> [MATERIAL FOR THE TASK]:
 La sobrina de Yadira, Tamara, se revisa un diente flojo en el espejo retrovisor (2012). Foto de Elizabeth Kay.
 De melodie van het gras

--

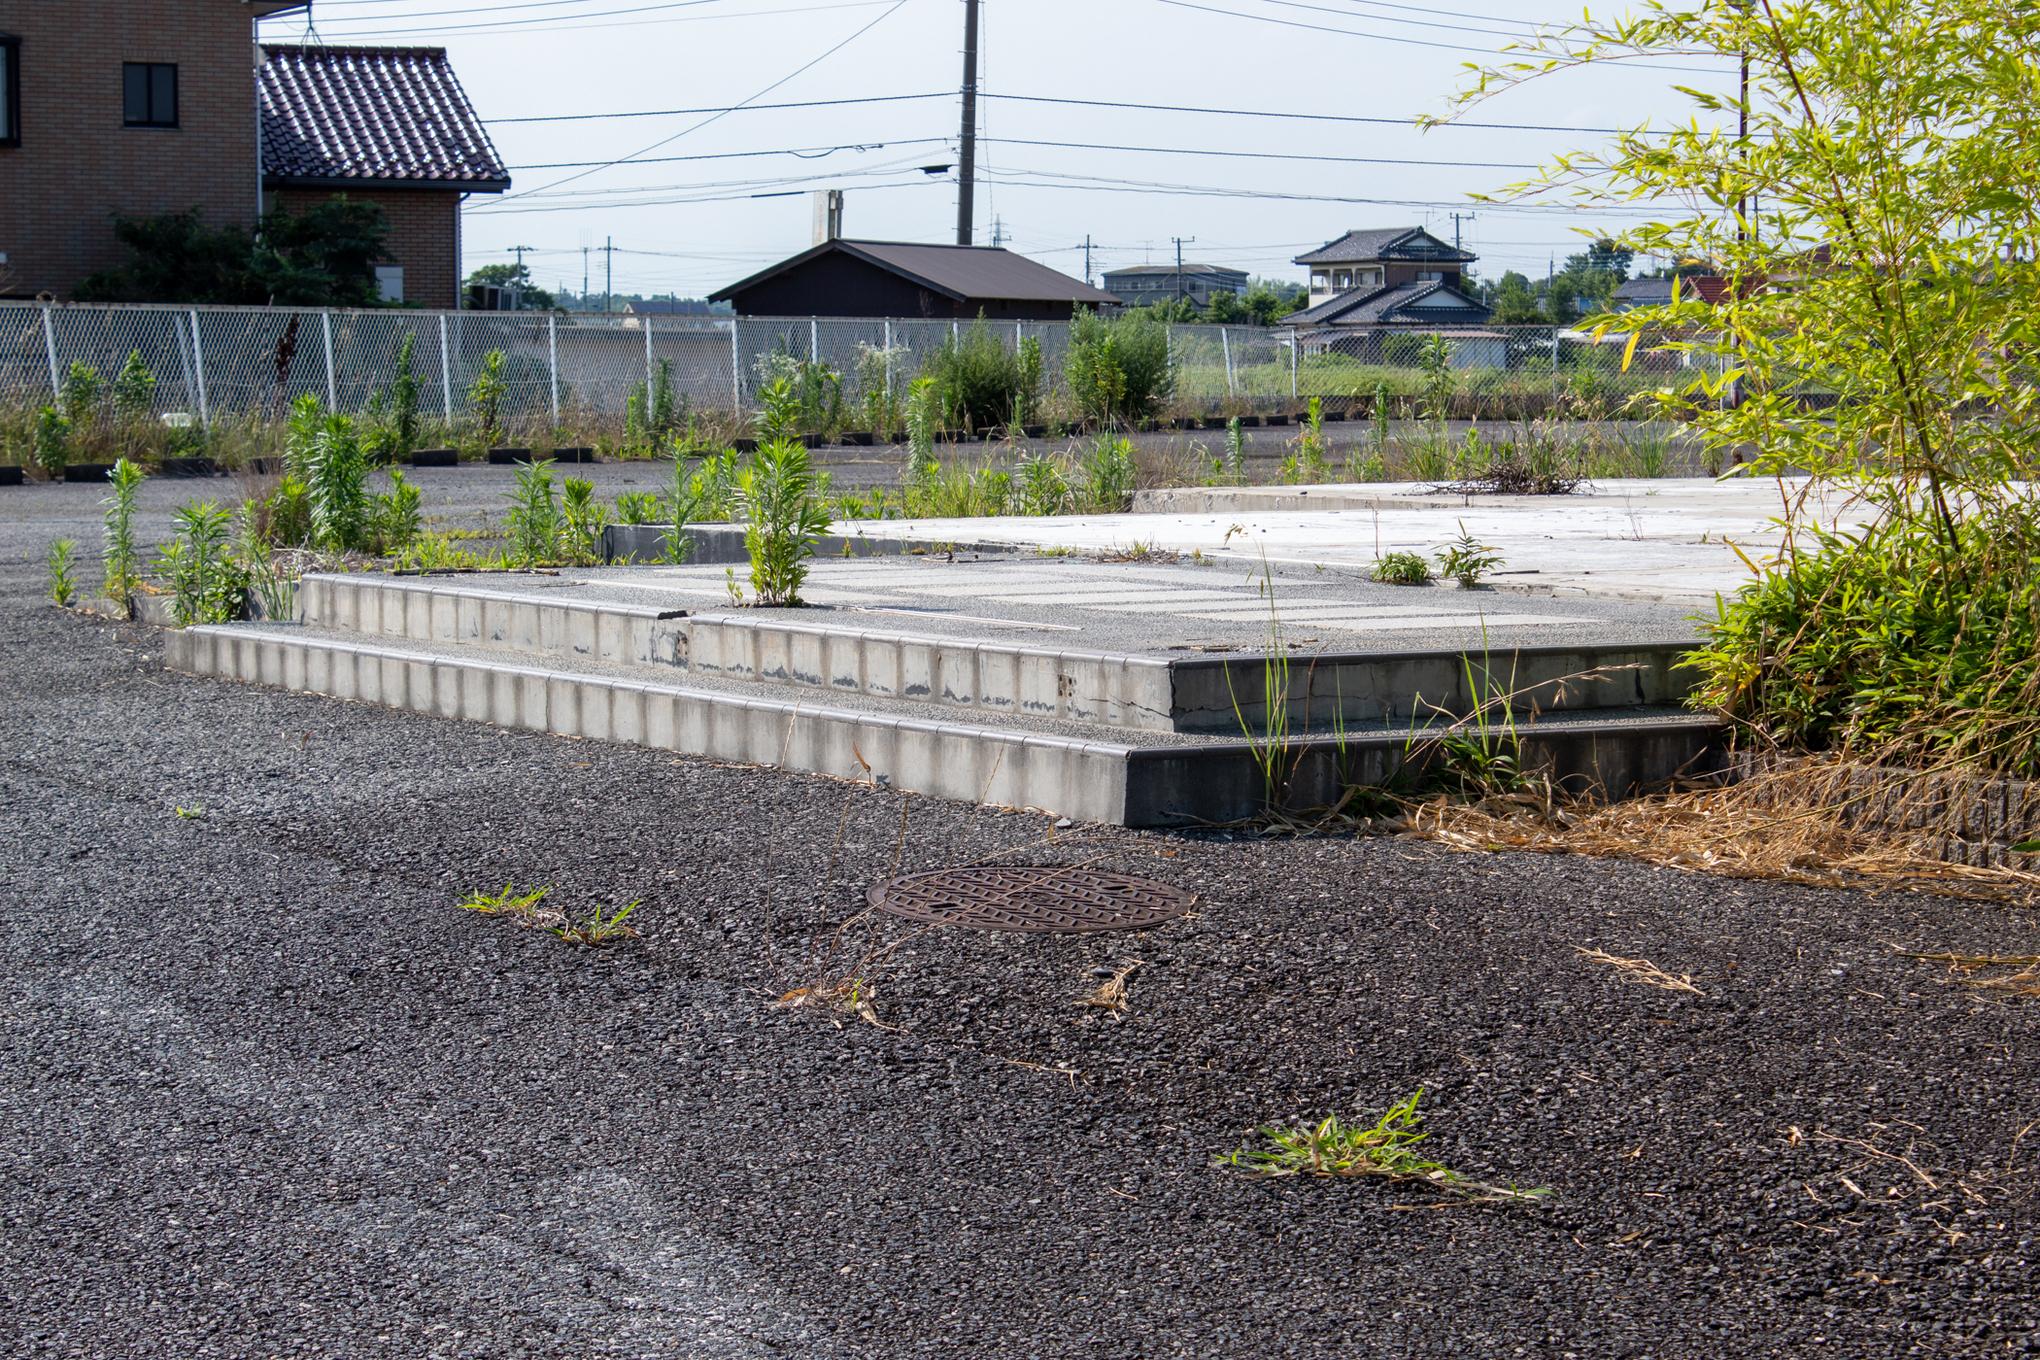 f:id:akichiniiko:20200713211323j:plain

--

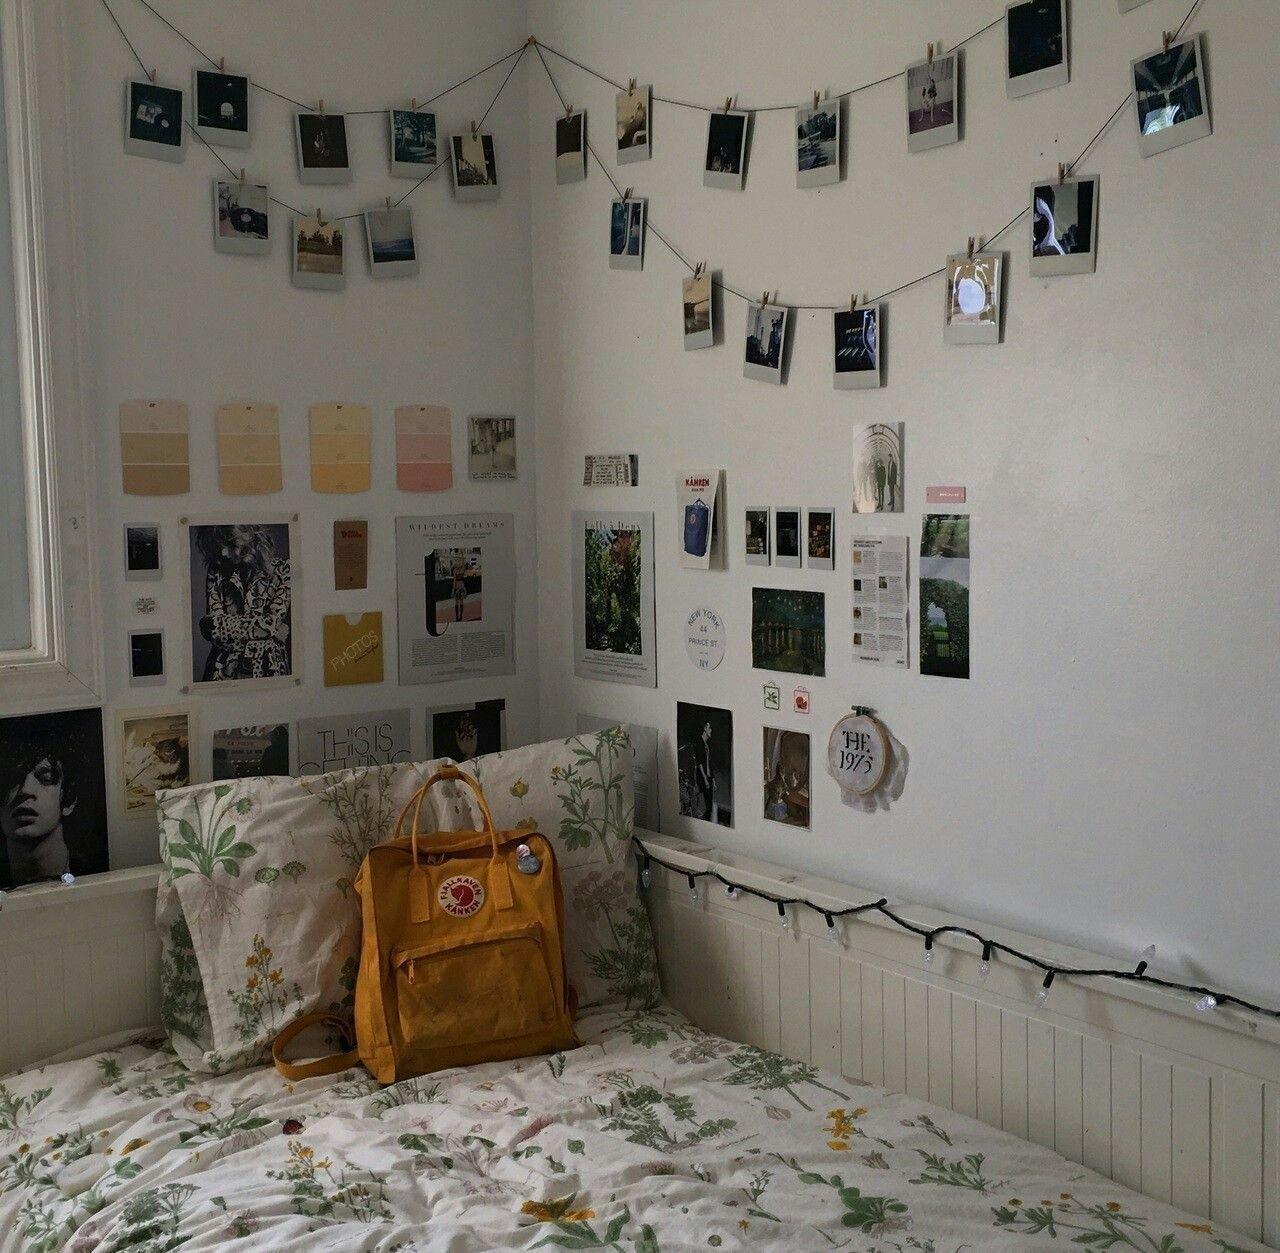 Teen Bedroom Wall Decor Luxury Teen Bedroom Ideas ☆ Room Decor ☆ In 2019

> [ASSIGNMENT]: Set down again, word for word, the stretch of records from the line with "La sobrina de" to the line with "De melodie van het gras", both of those lines included.

> [WORKED SOLUTION]:
 La sobrina de Yadira, Tamara, se revisa un diente flojo en el espejo retrovisor (2012). Foto de Elizabeth Kay.
 De melodie van het gras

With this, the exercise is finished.